Coupling Light with Matter for Identifying Dominant Subnetworks
Abstract
We introduce DOMINO, a light-matter computing platform that exploits the full complex amplitude of coupled condensate networks to solve maximum-weight clique problems and reveal hidden indirect correlations in large graphs. By embedding network structure directly into a gain-controlled polaritonic (or photonic) oscillator array, DOMINO performs analog optimization, directly solving the maximum-weight clique problem via the gain-controlled minimisation, through a physically enforced global-intensity constraint, allowing the system to converge rapidly to dominant subnetworks while simultaneously extracting phase, encoded co- and counter-regulation patterns.
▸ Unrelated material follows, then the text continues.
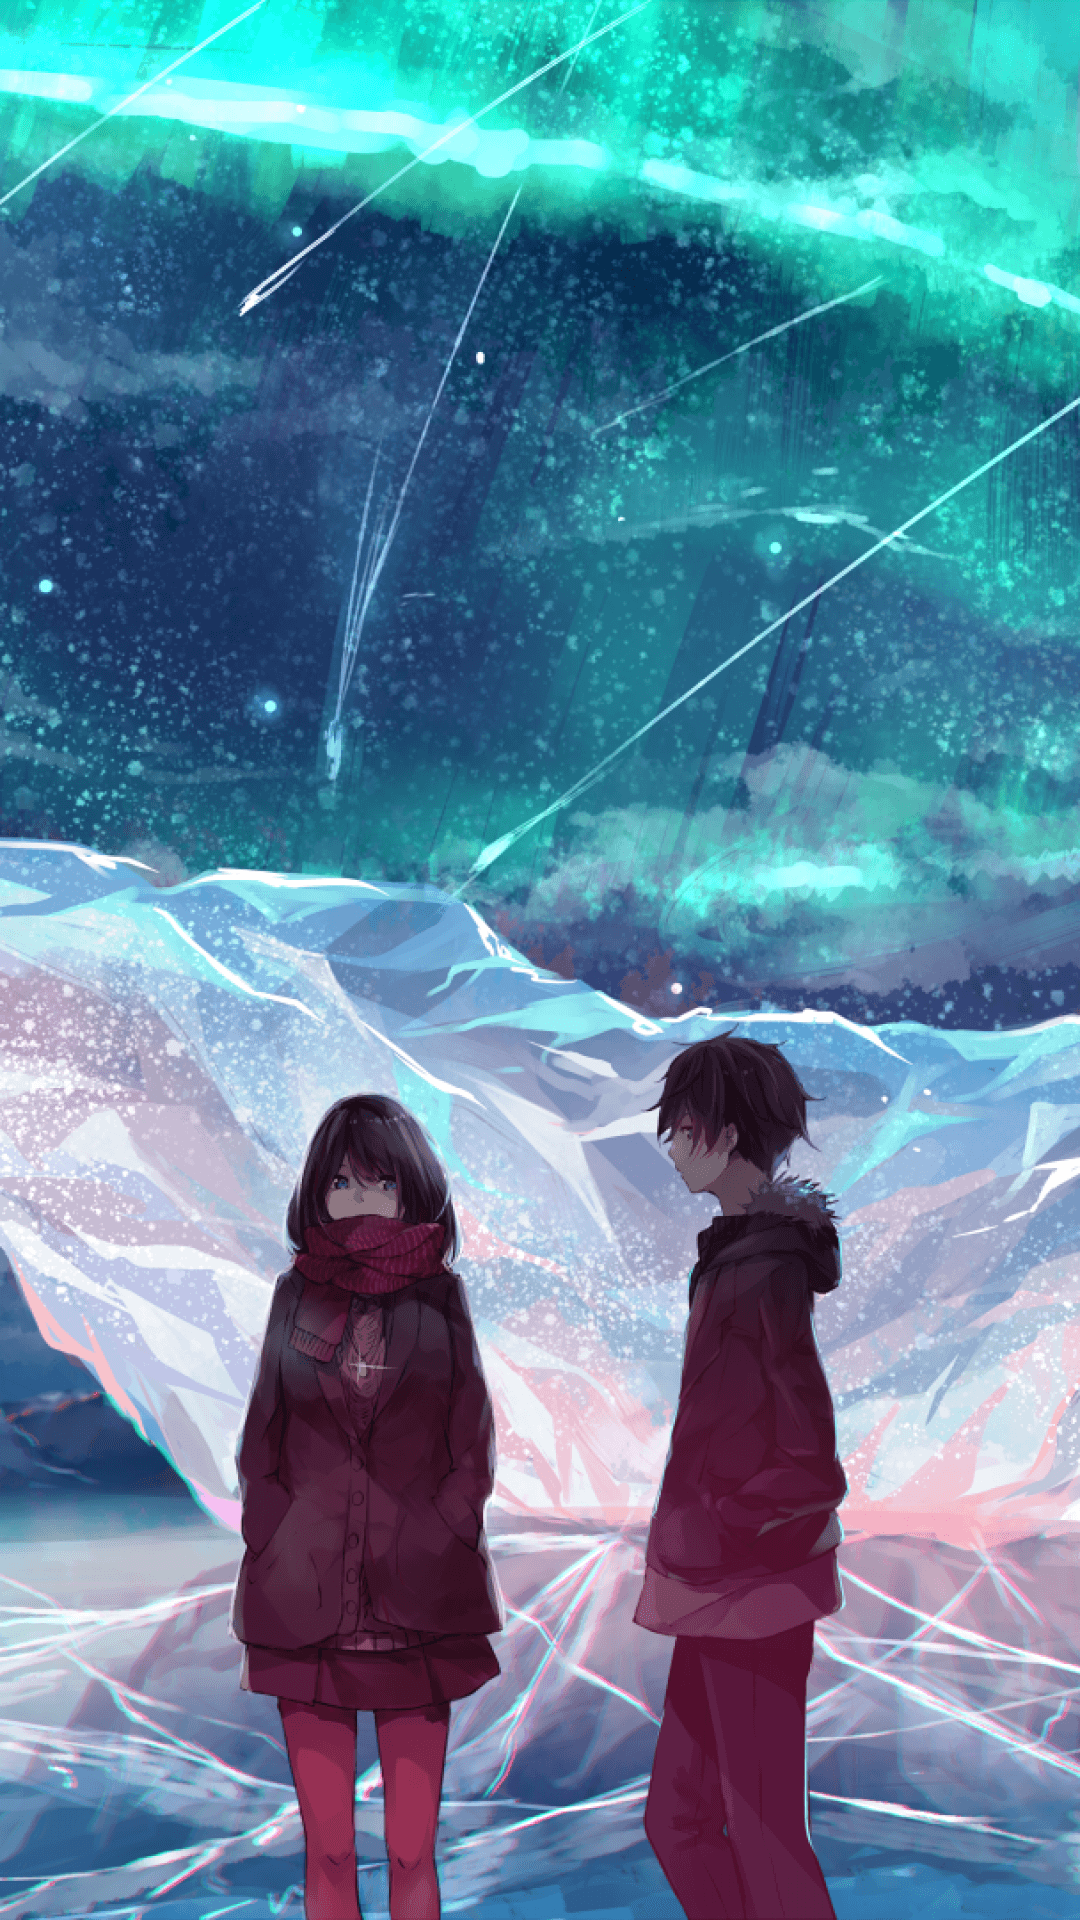 Anime Couple, Ice Field, Scarf, Anime Girl, Boy
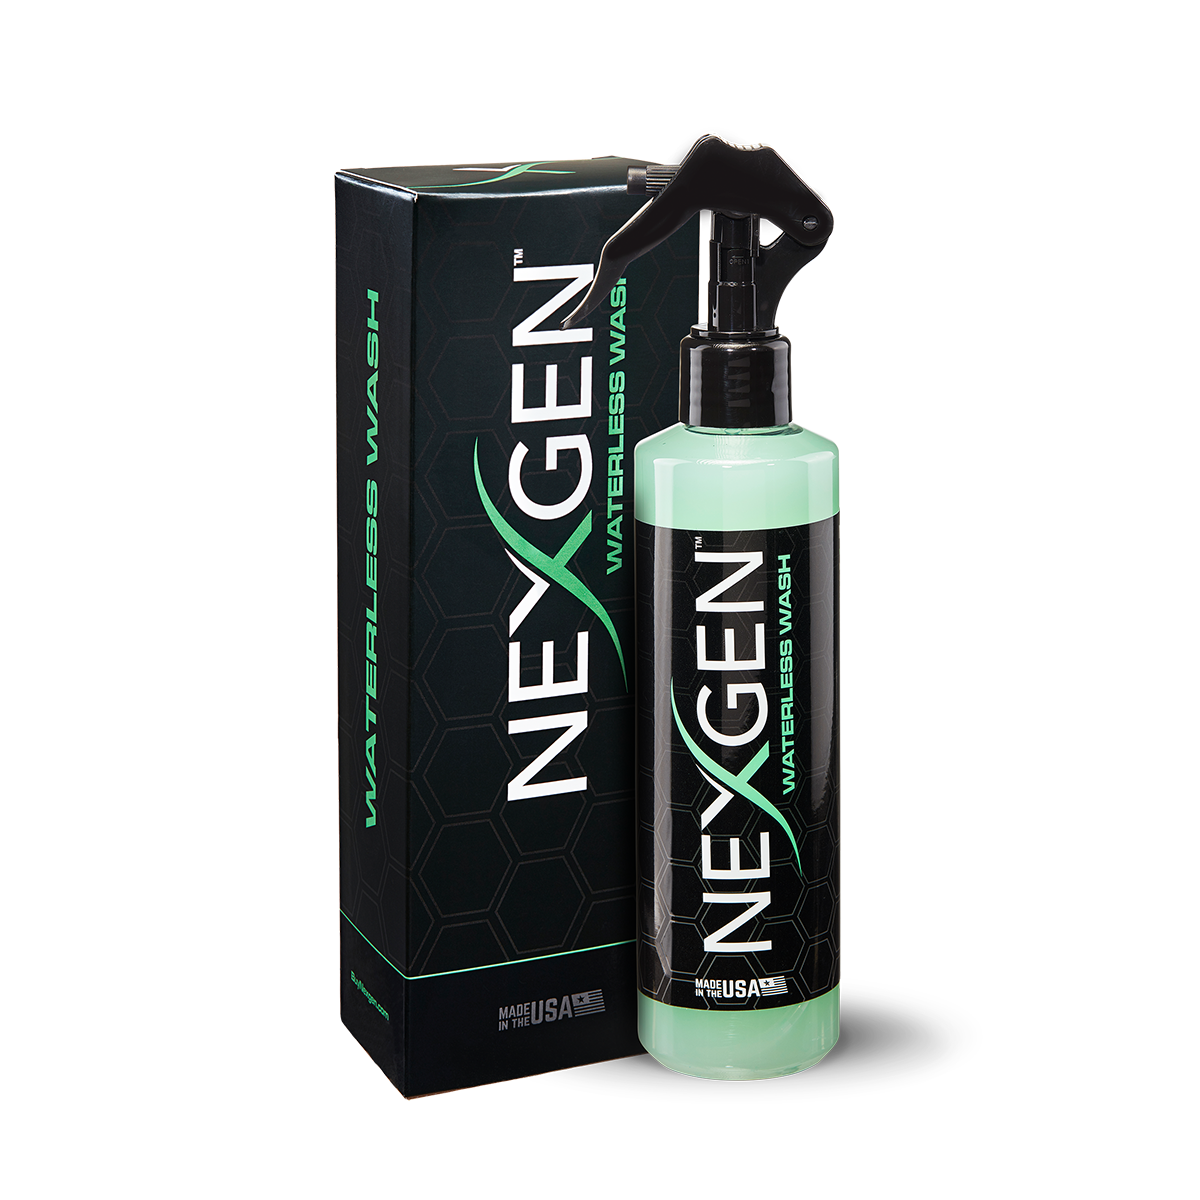 Nexgen Waterless Car Wash - Quality Car Wash Spray 16 OZ

This gain-based mechanism unlocks capabilities inaccessible to conventional Ising-type simulators: all degrees of freedom (amplitude and phase) participate in the computation, dramatically expanding the class of problems that can be efficiently encoded. Our approach is inherently ultrafast, energy-efficient, and naturally robust to noise, requiring no digital post-processing. Applied to real gene-gene coexpression data, DOMINO reliably identifies biologically meaningful transcription-regulator modules and exposes latent regulatory relationships. Because the method applies generically to any weighted network, it establishes a scalable physical route to solving high-value graph-analytic tasks across biology, finance, social systems, and engineered networks.